違和感
『───より ギフトを受け取りました』
3人の動きが止まる。これまでテキストが出てきたのは、レベルUPと分析時のみ。こんなことがあるはずもなく──
『ギフト:スキル『雷鳴刺突』 『魔導の極み』 『業火』
Lv上限解放』
リアには『雷鳴刺突』、ディネリンドには『魔導の極み』、アミニスには『業火』。確実になにかおかしい。
「……え?」ディネリンドが声を上げる。…目の前には大きな猿。3メートルほどだろうか。
『クリフモンキー Lv40』
「この話はあとになりそうだね…二人とも、やるよ。」
3人が馬車から降り、リアとアミニスが猿を蹴り飛ばす。そのまま追撃に走り…
「ディネリンド!アミニス!いける!?」
「…なんだか…魔法の感覚が、よく分かるんだ。相手と私の全身に伝わる魔力とか、なにもかも。」
「あたしは勿論!むしろ燃えてきましたよ!早速楽しませてもらいますね!」
ひどく冷静なディネリンド、いつも通りテンションの高いアミニス。
「……ライトニング」
目の前に一瞬、光が溢れる。リアとアミニスの目が眩むが、猿も目が眩み…
「アイシクルランス。ホーリーブラスト。」氷の槍が猿の右足に刺さる。そして、束ねられた光がクリフモンキーの右目を焼き焦がす。
「……頼んだよ!」
ディネリンドの声を受け、アミニスとリアが猿に突っ込む。
「はっはぁ!リアさん!殺してしまって構いませんよね!?心が燃えたぎって仕方ないんですよ!」
「まぁ…いいけど──」
言い終わる前にアミニスが加速し突撃、剣を構える。「見せてあげますよこの『業火』のように燃え上がる思い!」
アミニスの剣が炎を纏い、クリフモンキーの左腕を切り裂く。そのまま左腕の傷口を炎が包み…
「なるほど!こりゃあいいですね!これからも愛用させてもらいましょう!」
そのままラッシュを仕掛けるアミニス。そして…
「……『雷鳴刺突』。」
雷鳴のような音が鳴り響き…アミニスのサンドバッグになっていたクリフモンキー、その喉を剣先が貫く。『LvUP 40→41』
そして、リアの目になにかが見え…
「……アミニス、逃げるよ。」「へ?なんでです?」
アミニスの着物をつかみ、引きずる。
「兵士の軍勢が見えた。誰かが教えたんじゃない?半魔がドワーフの町を焼いたって。」
「だとしたら急がないとですね!さぁディネリンドさん!行きましょう!」
「は、はぁ…!?」
無理やり馬車に乗り込み、出発。と、アミニスが声を上げる。
「…あら?」アミニスの刀が燃え尽き、灰になる。
「いやぁ、やっぱり駄目ですか!予想はしてましたが…お世話になりました!」刀を失ったアミニスは言葉を続ける。
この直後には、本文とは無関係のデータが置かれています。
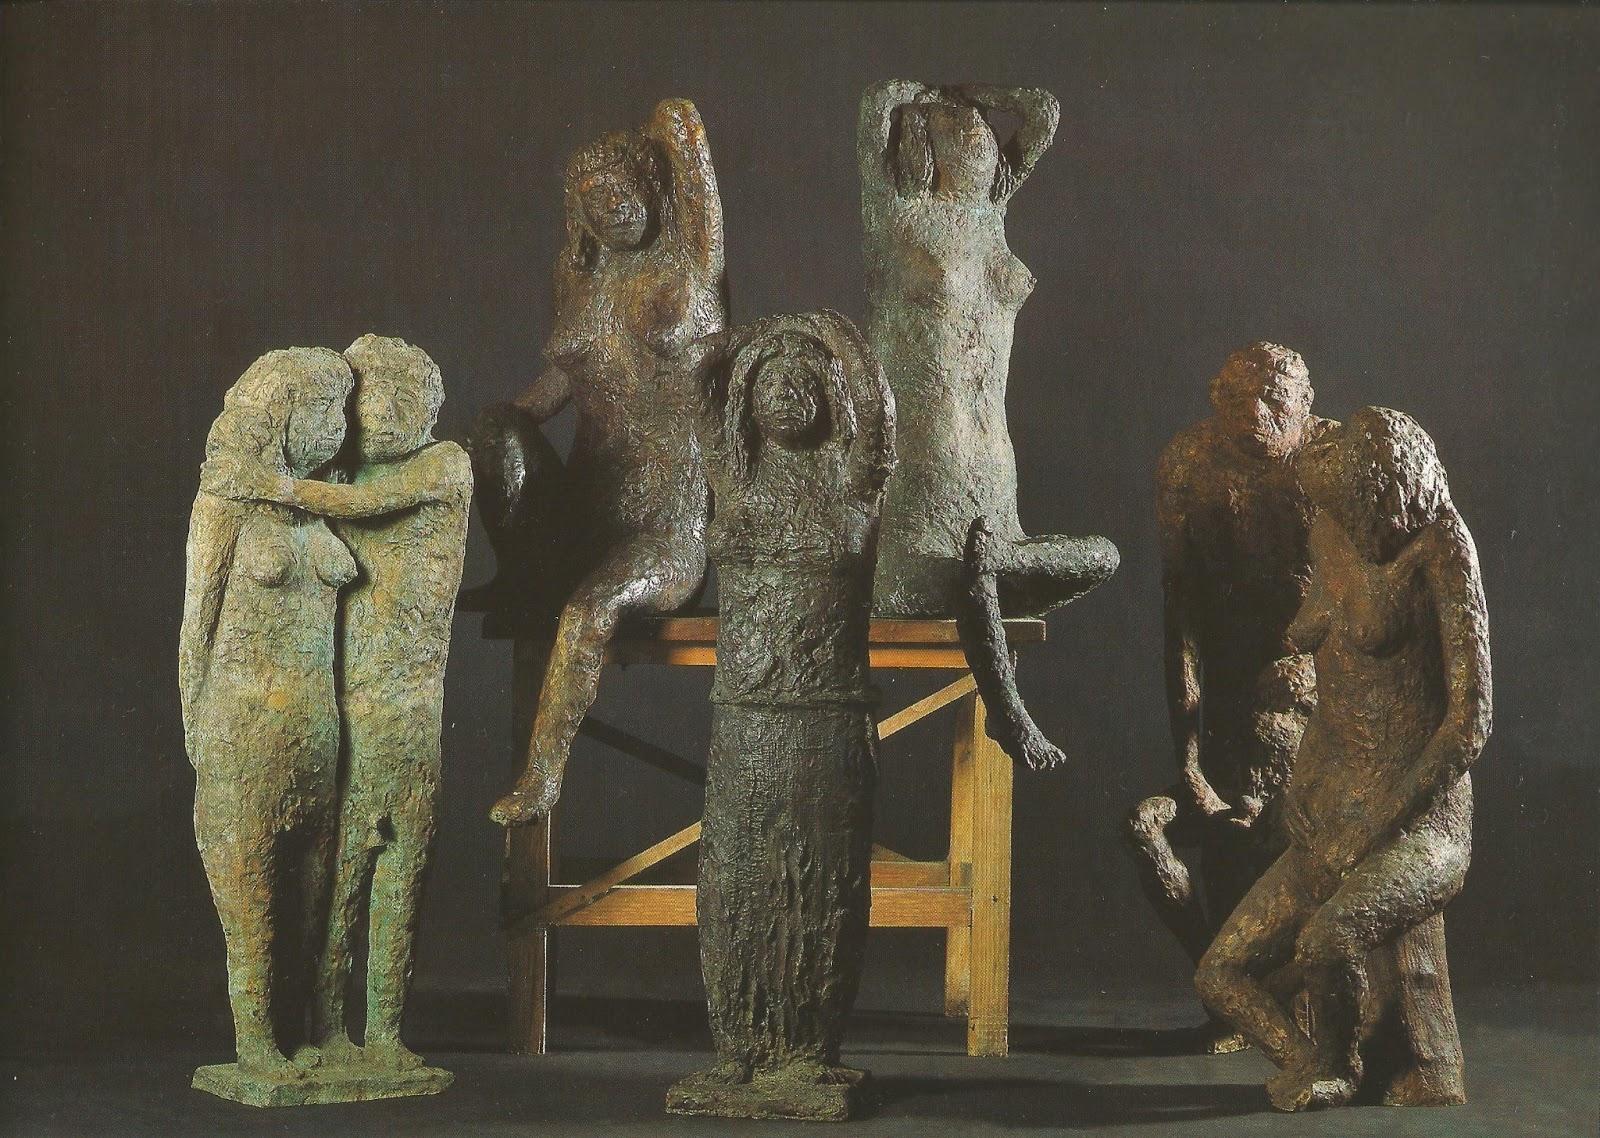 Gabirus-Xico-Stockinger-escultura-pedra-100-anos

「あたしが力を出すと大抵の刀は消し飛んじゃうんですよね!あの狐との戦闘に耐えたと思ってましたが、やはり限界が近かった様子!よく頑張りました!」
「アミニスってそんな感じなんだ…まぁいいけど。というか、どうするの?この先の進路。」
馬車の先頭から声が聞こえる。
「まぁ…南側じゃない?北の雪国を突っ切る余裕はないし…南側の熱帯を突っ切るのがおすすめ。」
「…なるほど、じゃあそれかな。」
「ですね!」
何の反論もなくディネリンドの意見に賛成。そして旅を続け…
「──あれって…」交代で運転をしていたが…南の熱帯、その奥を渡っているときのこと。
「─おや?どうしました?なにか弊害でも?」
「何かあったの?リア。」
2人が顔を出してくる。……目の前に広がるのは、熱帯の森に広がる、小さな村。…そこにいるのは、サキュバスばかりで。
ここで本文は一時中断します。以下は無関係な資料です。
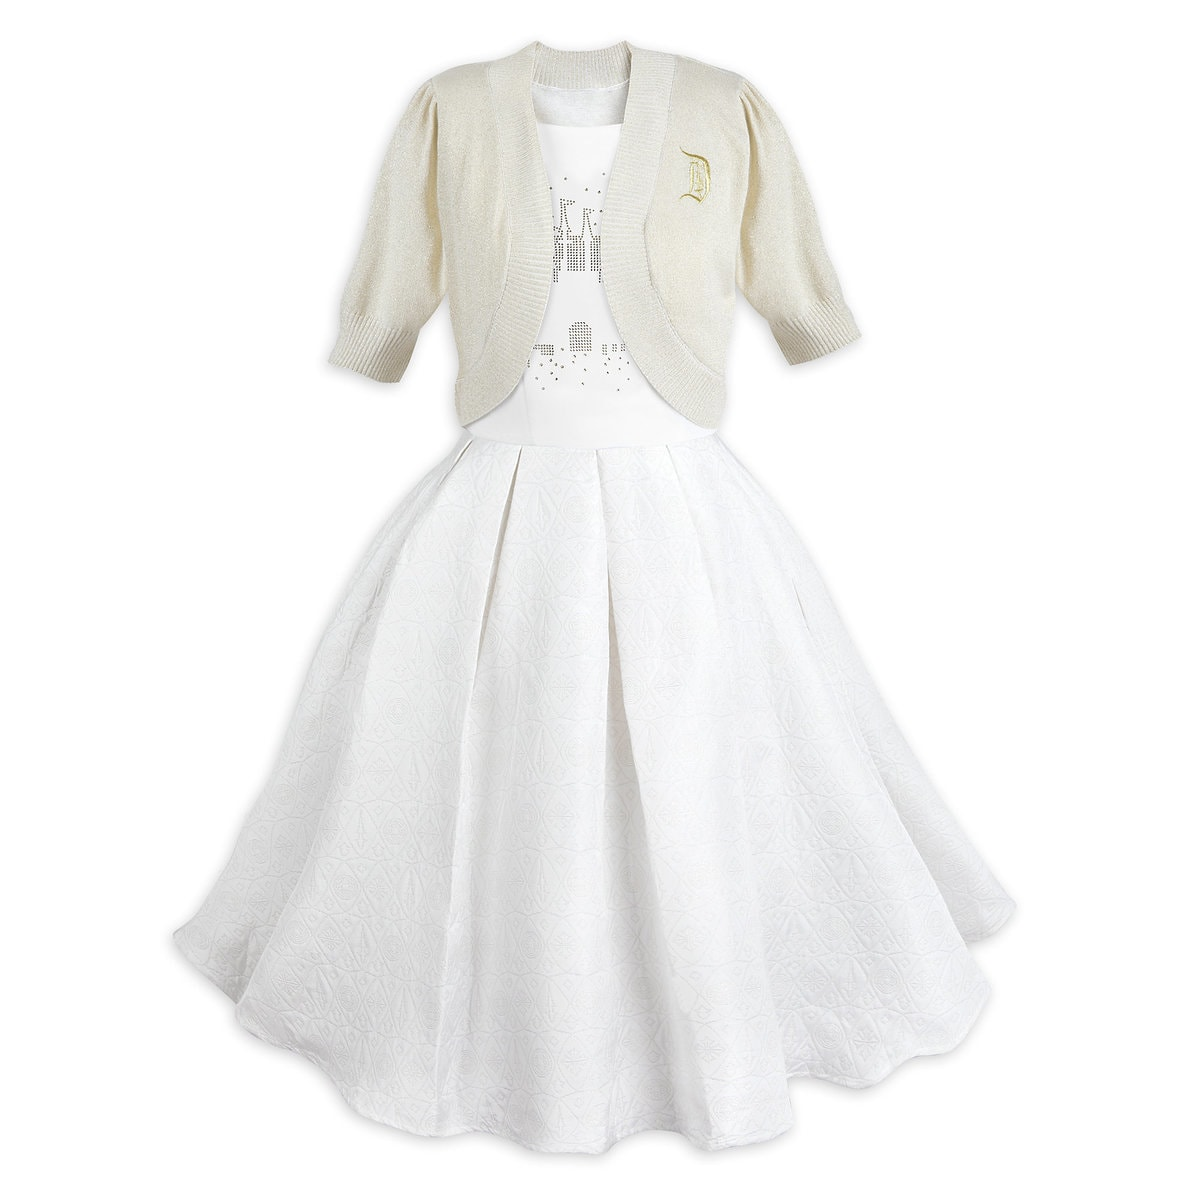 69e75205543 Product Image of Fantasyland Castle Dress and Cardigan Set for Women   1

「ほうほうなるほど面白い!……殺していいですよね?リアさん!武器が無いのは御愛嬌──」
「駄目。……ほらアレ。アレがなかったら殺してたけど、アレがあるし。」
サキュバスの村…門番がいるのだが、門番が白色の旗を振っている。
「…白旗…?降伏するって…?」「分かんないけど…行ってみるしかないでしょ。最悪皆殺しにして逃げればいいし、さっさと村に入ろ。」
馬車ごとサキュバスの村の門番のところへ向かう。
「あっ、えっと…ここはサキュバスの村です!入るのに関税とかは要りませんが、殺さないと約束していただければ…」怯えながら話す門番。嬉々として戦闘意欲を剥き出しにしているアミニスはディネリンドが抑え込んでいるため、急いで終わらせなくては。